Any person who shall present to the board a certified copy or certificate of registration or license which was issued to him after examination by a board of registration in optometry in any other state, where the requirements for registration are in the opinion of the board equivalent to those of this commonwealth, may be registered and given a certificate of registration in this commonwealth without a written examination; provided, that such state accords a like privilege to holders of certificates of registration issued in this commonwealth, and that the applicant has not previously failed to pass the examination required in this commonwealth, and that he has been engaged in the reputable practice of optometry continuously for not less than three years immediately preceding his application, and that he intends to reside and practice optometry in this commonwealth. The fee for such registration shall be determined under the aforementioned chapter seven provision.

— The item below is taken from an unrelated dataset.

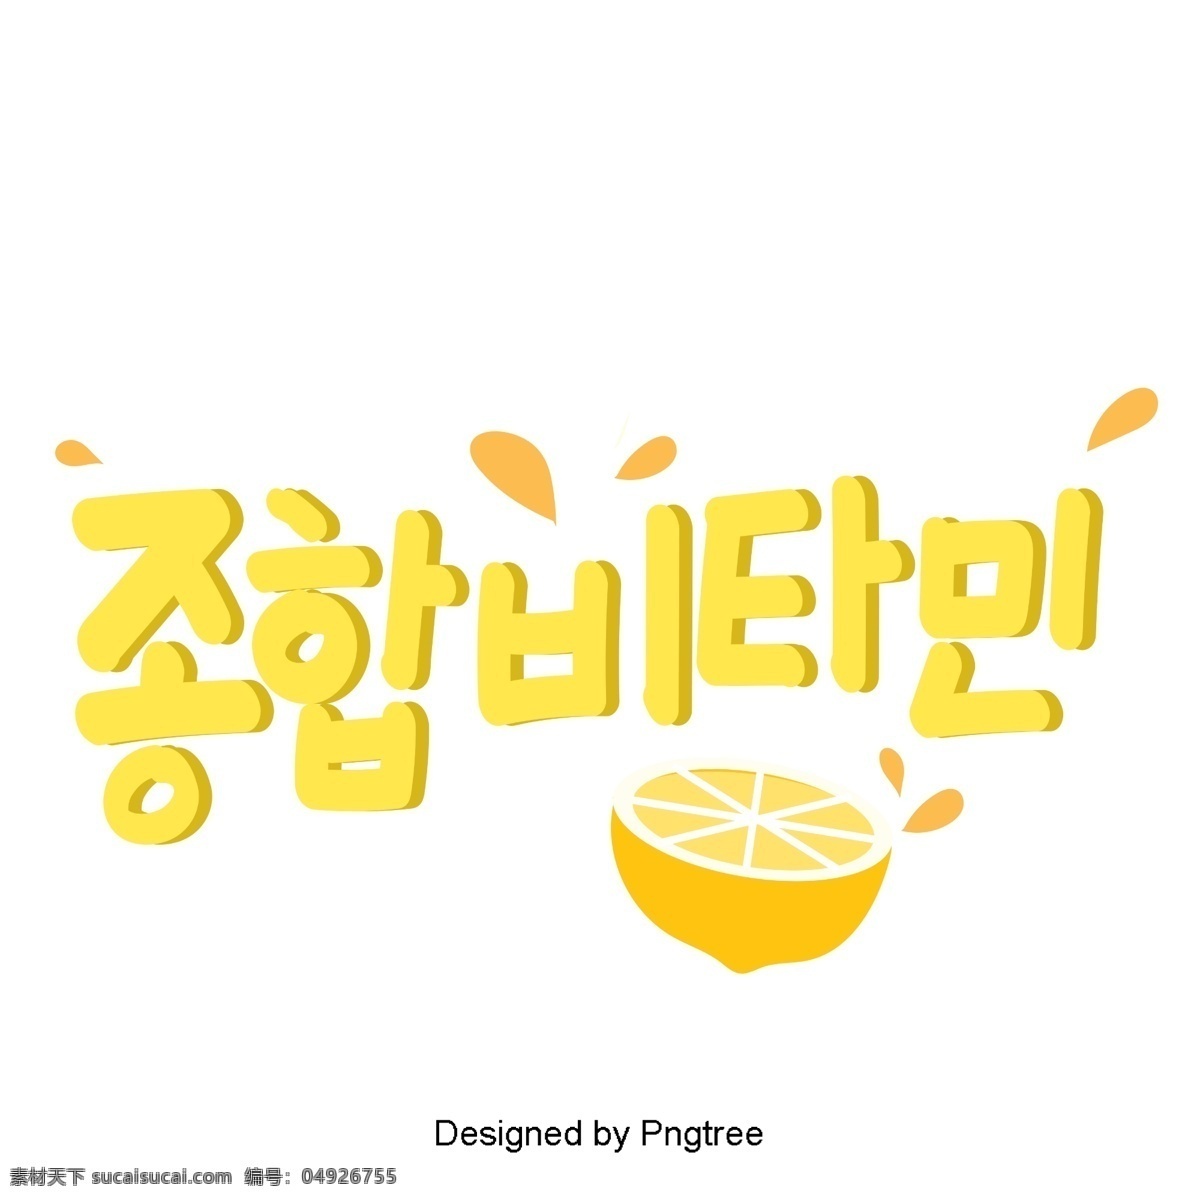 韩国 水果 柠檬 元素 手 一个 可爱 风格 手写 字体 韩文 字形 移动支付 移动支付方式 动画片 黄色 维生素的功能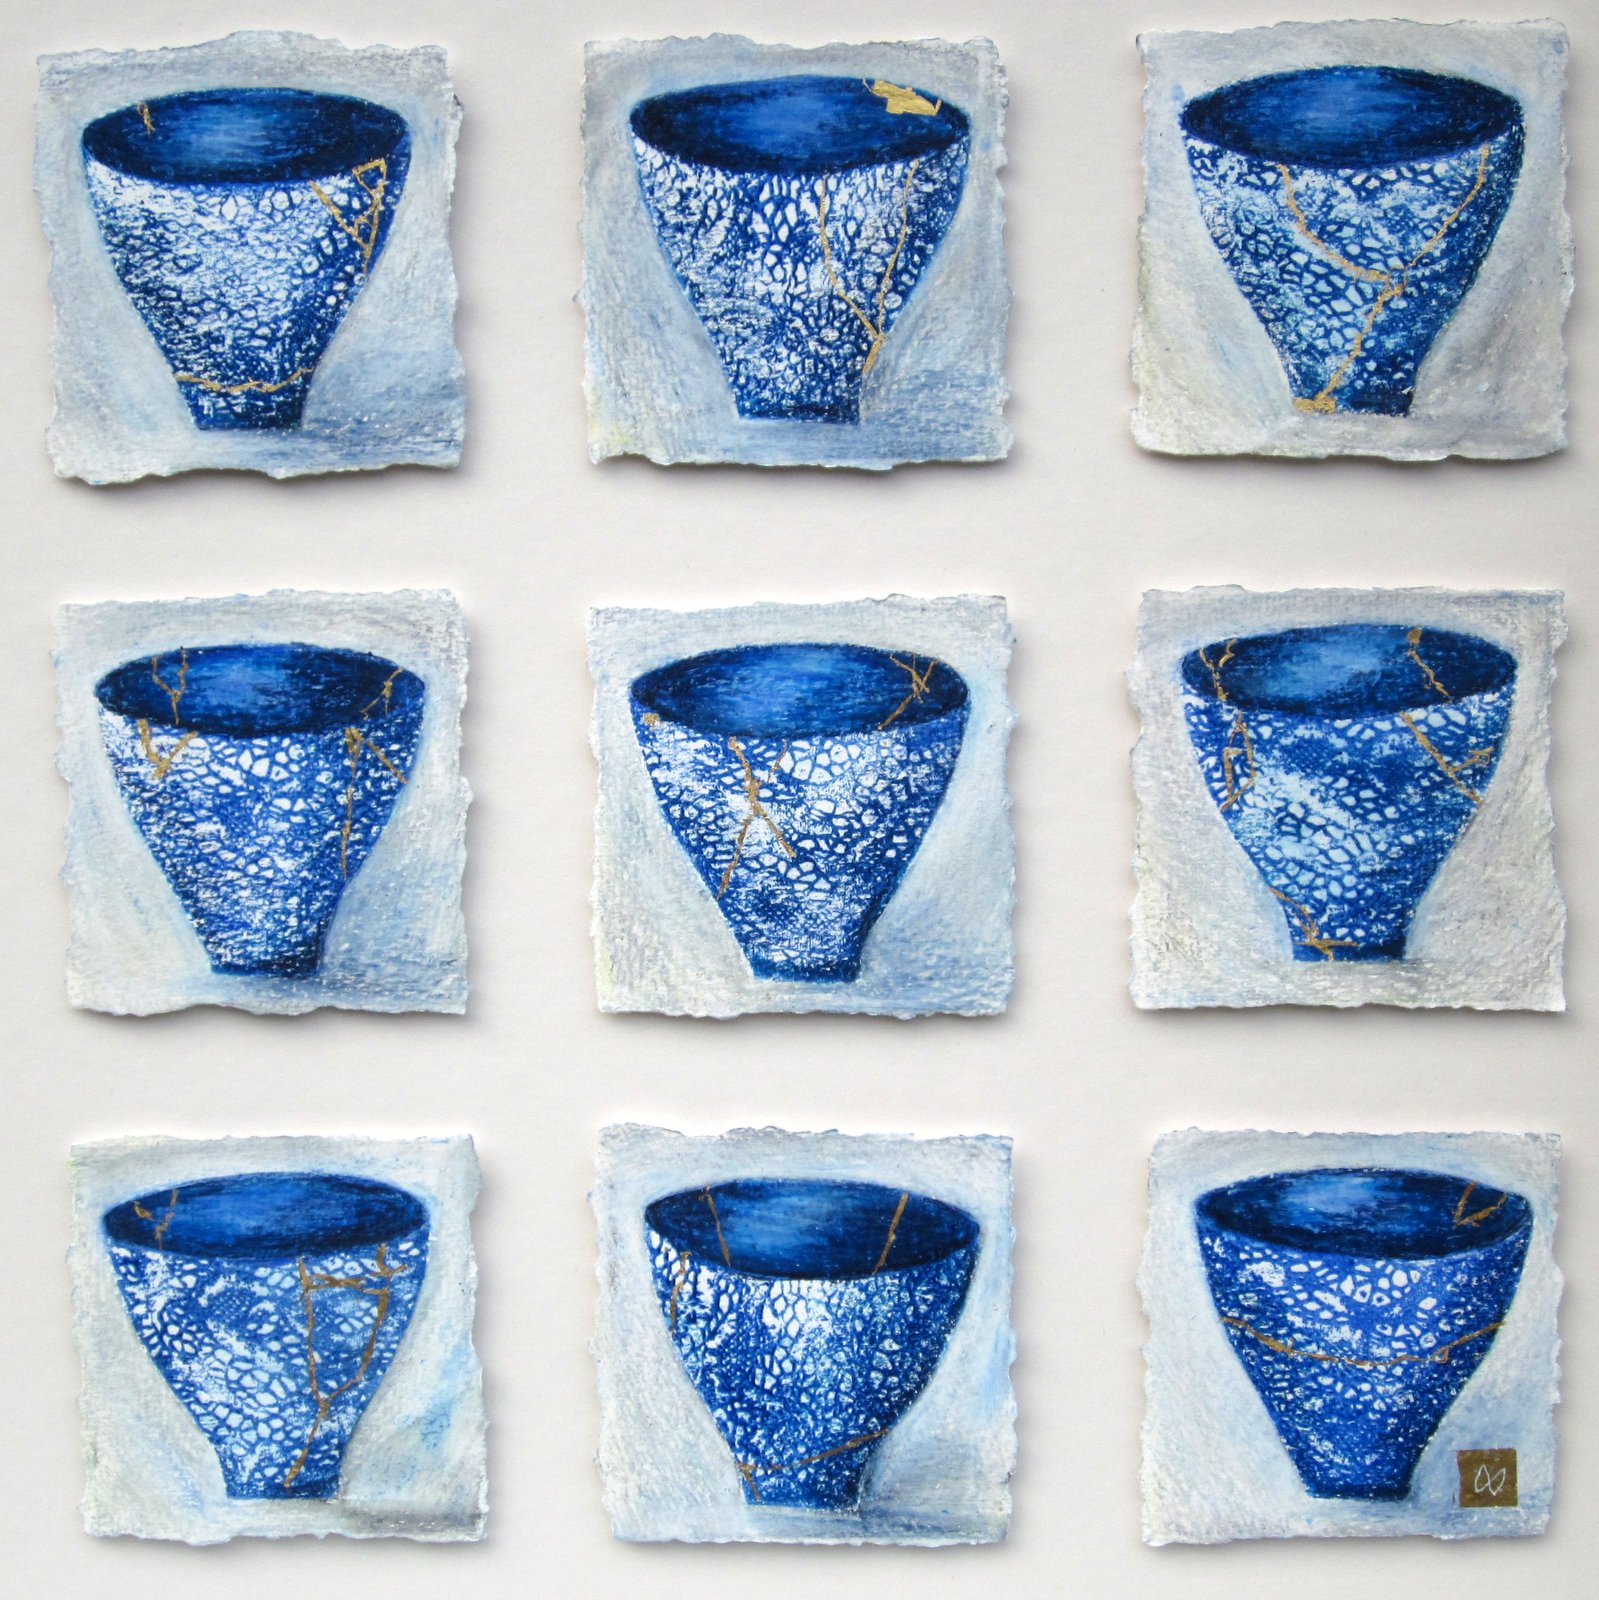 Nine blue lace kintsugi tea bowls with gold repair

Notwithstanding the foregoing, the board shall require as a condition of granting or renewing an optometrist's certificate of registration, that the optometrist apply to participate in the medical assistance program administered by the secretary of health and human services in accordance with chapter 118E and Title XIX of the Social Security Act and any federal demonstration or waiver relating to such medical assistance program for the limited purposes of ordering and referring services covered under such program, provided that regulations governing such limited participation are promulgated under said chapter 118E. An optometrist who chooses to participate in such medical assistance program as a provider of services shall be deemed to have fulfilled this requirement.

Any person certified under this section who observes a patient's adverse reaction to a diagnostic pharmaceutical agent, shall report said observance and any comment thereon to the board of registration in optometry.